Forex trading is one of the most interesting and profitable areas of investment in the world of financial markets.

It is such an interesting field that movies and episodes on TV shows have been made based on the nature of the investment method.

Some top ranking movies from Hollywood have actually used a play on the terms that are unique to forex in their titles.

Courtesy of FXPesa, we are going to break down the most interesting of these terms. First off, are you a bull or a bear?


Bulls and Bears in Forex

Bulls and bears are terms used to refer to traders as well as markets in the forex exchange platforms.

When you hear bull, you should think of raising prices while bears are the opposite, lowering prices.

A bull trader will buy to resell in future at a higher price while a bear trader sells assets to buy them cheaper in future.
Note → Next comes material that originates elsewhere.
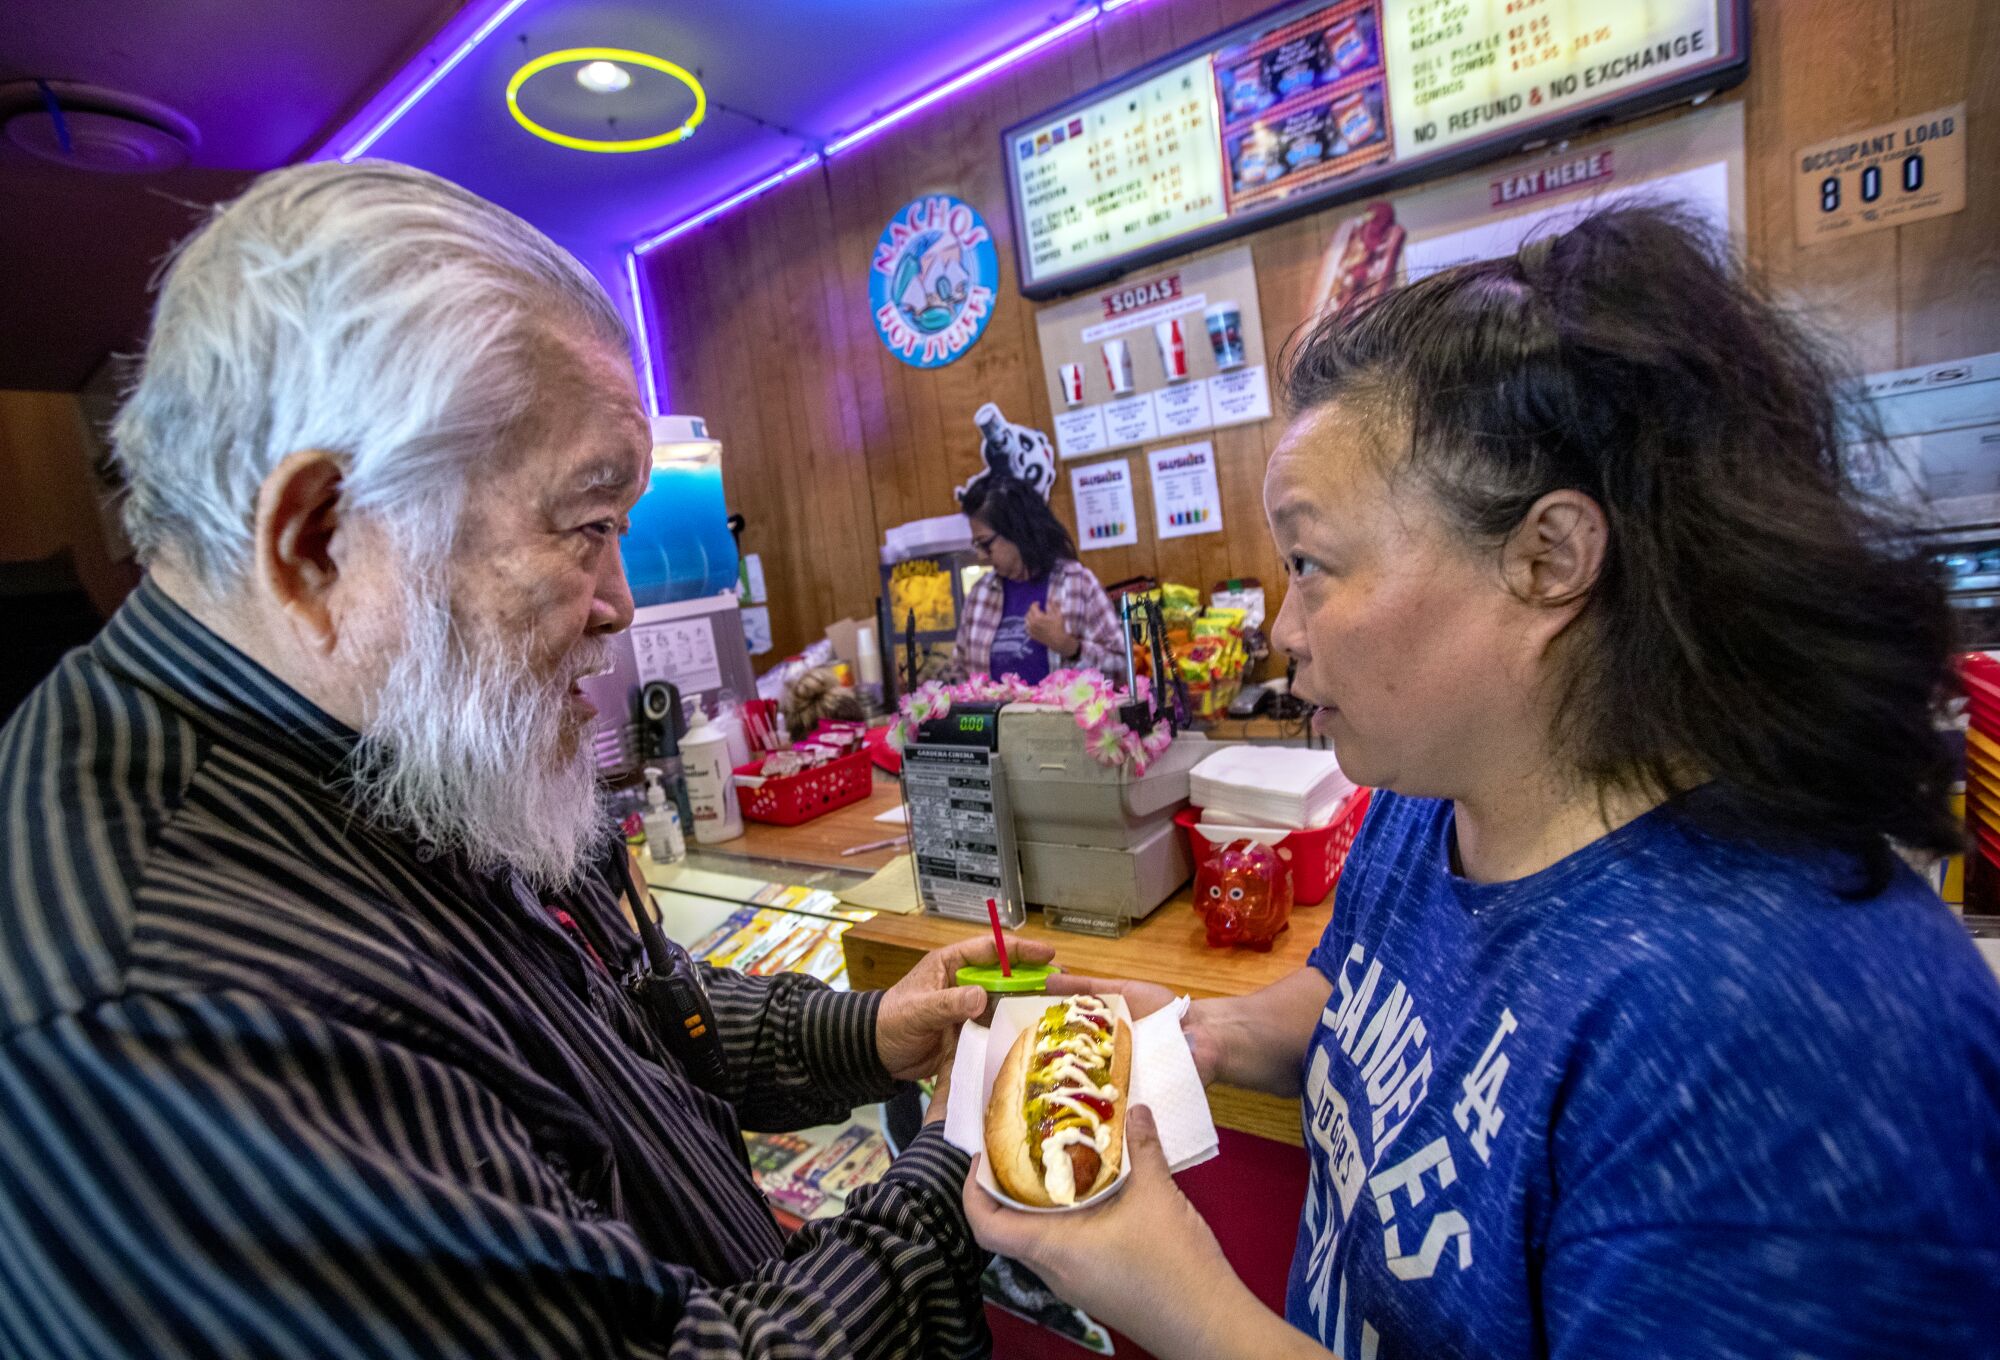 A gray-haired man talks with a woman as she hands him a hotdog inside a cinema foyer

When it comes to a bullish market, market conditions such as GDP and prices are rising while unemployment is declining but a market is said to be bearish when the conditions are the direct opposite.


Candlesticks, going long and going short

The major part of Forex trading is about being able to notice and track trends which helps when deciding on whether to buy or sell and candlesticks are one such tool.
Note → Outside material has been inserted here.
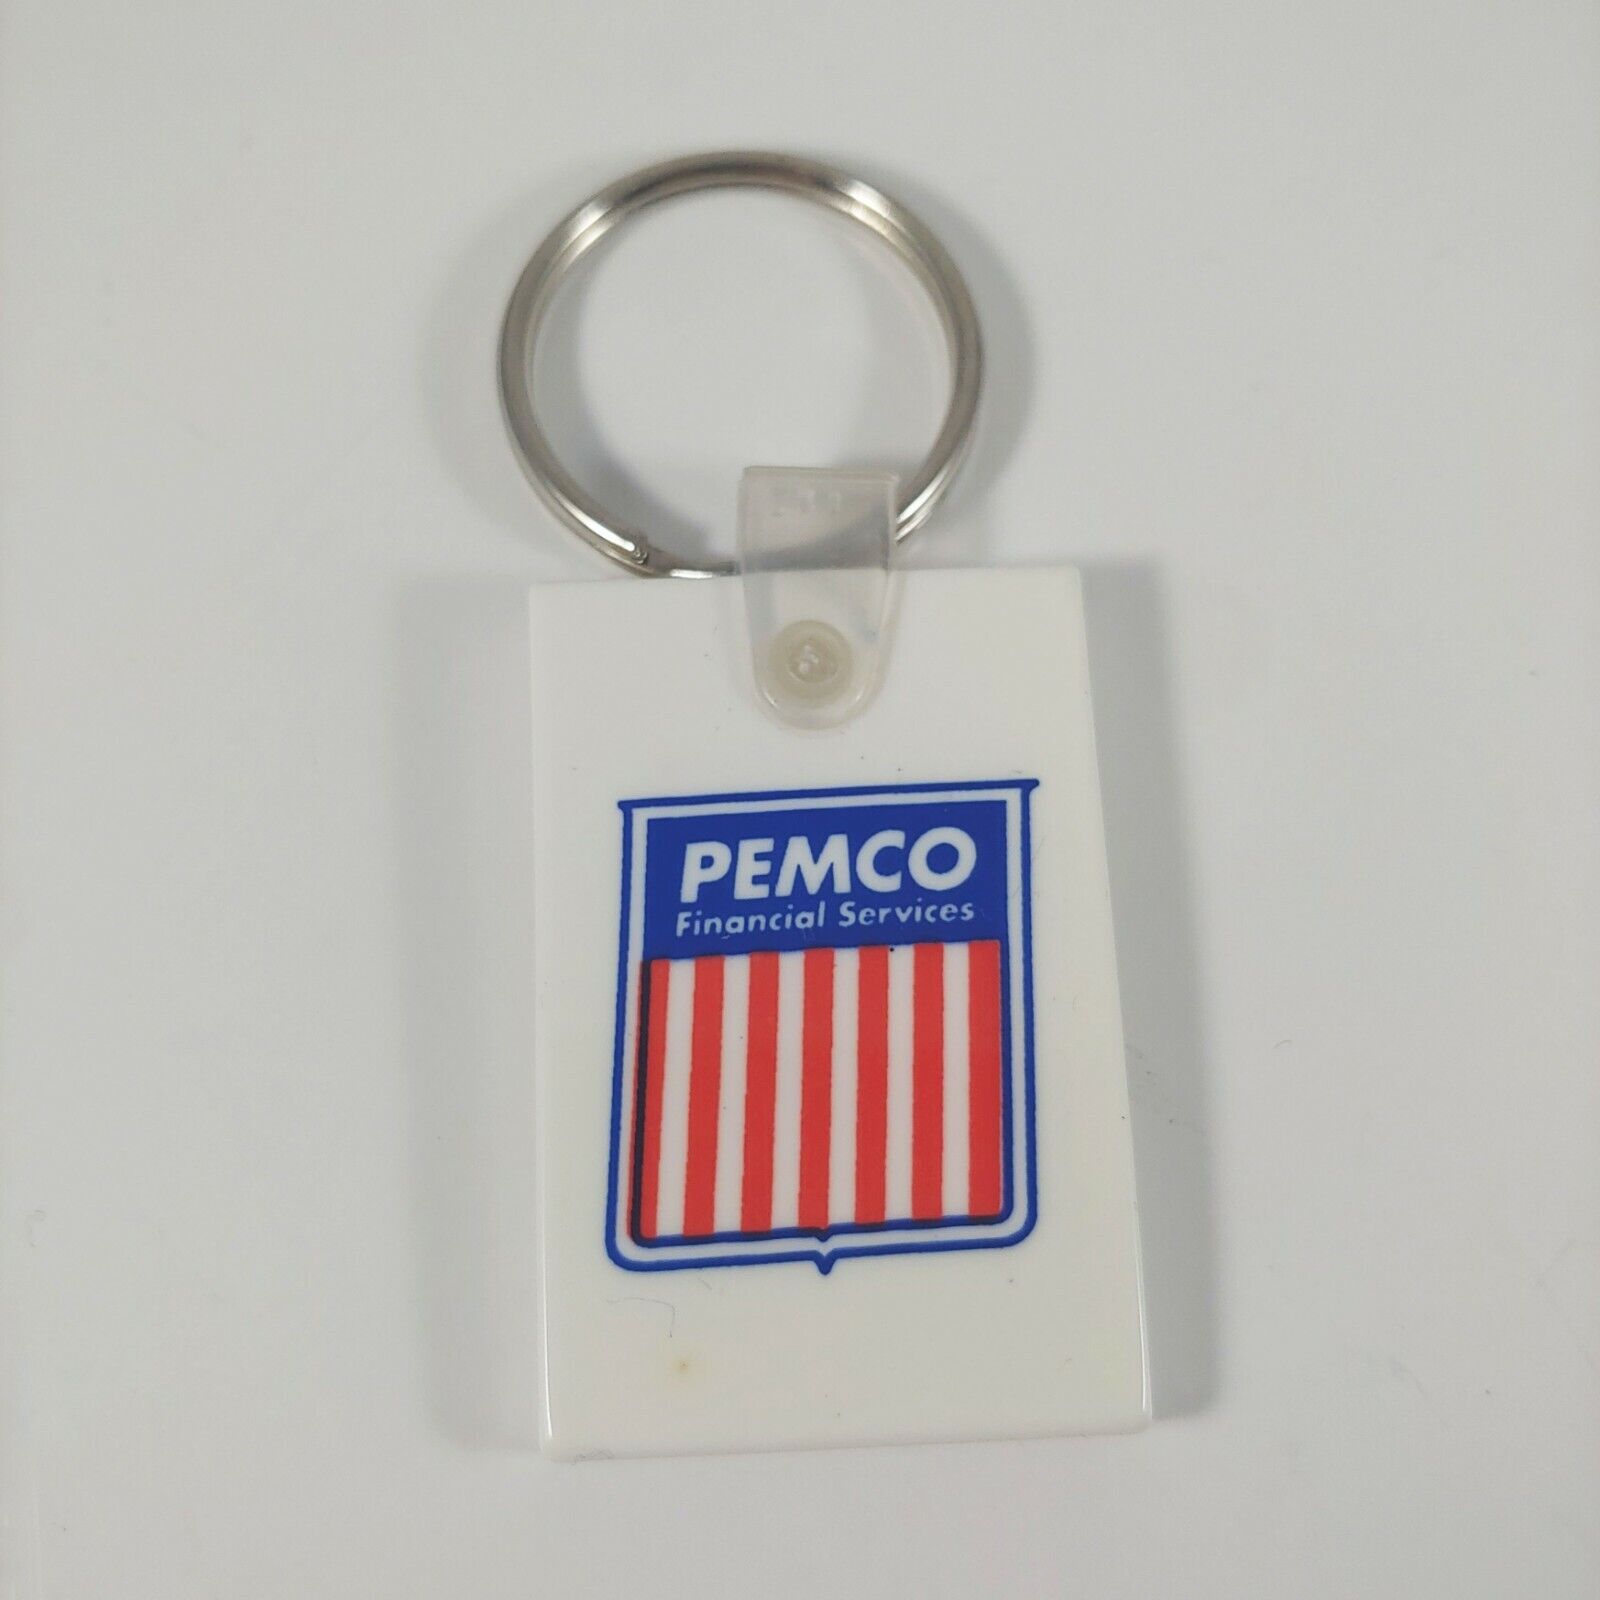 Pemco Financial Services Banking Keychain Key Ring Spokane Seattle Washington

A simple definition from FXPesa breaks it down as: “a type of price chart that displays the high, low, open and closing prices of a security for a specific period.”

The large block, which resembles a candlestick indicates the range between the opening and closing prices. The thin line or wick shows the highest and lowest price reached within that trading period.


Currencies are always traded in pairs - a base currency and a quote currency - so when you’re buying you are acquiring the base currency using the current price of the quote currency. Selling is acquiring the quote currency by trading the base currency.

Going long simply means buying while going short means selling.

Traders go long with hope that the base currency will rise in value and allow them to sell it back at a higher price. When going short the expectation is for the base currency to fall in value then buy it back at a lower price.